Most products have an obvious hierarchy they fit into, but when you start talking in terms of anything that naturally has multiple hierarchies it gets incredibly tricky. The trickiest hierarchies in my opinion occur when there is a location involved. In London alone there are london boroughs, metropoliton boroughs, tube stations and postcodes. For you fact junkies out there, London even has a city ("The City of London") within it.
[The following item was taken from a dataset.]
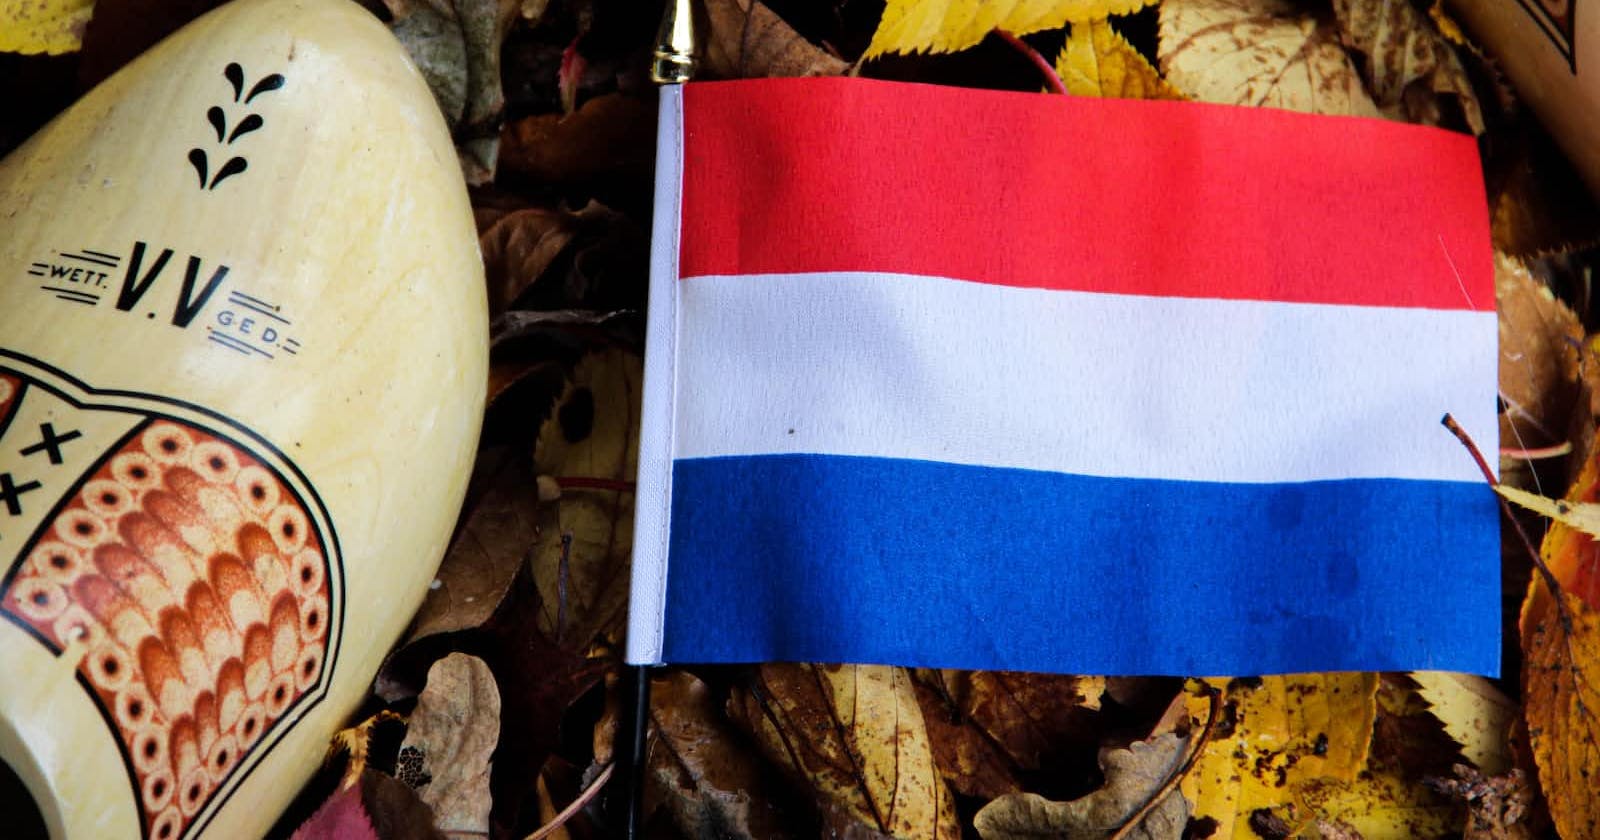 What is Dutch National Flag Problem and how is it related to Sorting?

In an ideal world you will end up with a single hierarchy that is natural to your users, and gives the closest mapping to your keywords. Whenever there are multiple ways that people search for the same product it makes coming up with a hierarchy that much harder. Rand touched on this (relating to blogs) when he was talking about
solving indexation problems
Step 3 - Keyword mapping. Once you have both a list of keywords and a list of pages, spending the time mapping one to another is well worth it. It suddenly becomes a very easy job to spot pages that aren't targeting a keyword and arguably more importantly keywords that don't have a page.
Its worth pointing out that between step 2 and step 3 you will remove any wasted pages. Rand covers exactly this problem in his 2nd Headsmaking tip. How to come up with
top level navigation naming conventions.
If this stage is causing you issues, I suggest you revist step 2. Your site architecture should lead naturally to a mapping that is both easy to use, but, importantly for the search engines includes your keyphrases.
Step 4 - Site review. Once you are armed with your keyword mapping a site review becomes a lot easier. Take a look at Tom in whiteboard studios who talks you through a
site review process. Now when you are looking at title tags, and headings you can refer back to your keyword mapping and not only see if the heading is in a h1 tag, but also if it includes the right keywords..
So, to help finish my debate with Will, I'd love to hear your thoughts on how you go about a site review. Do you prefer to send through one document with everything included, or would you rather send multiple documents over time, but with the first technical site review being delivered earlier?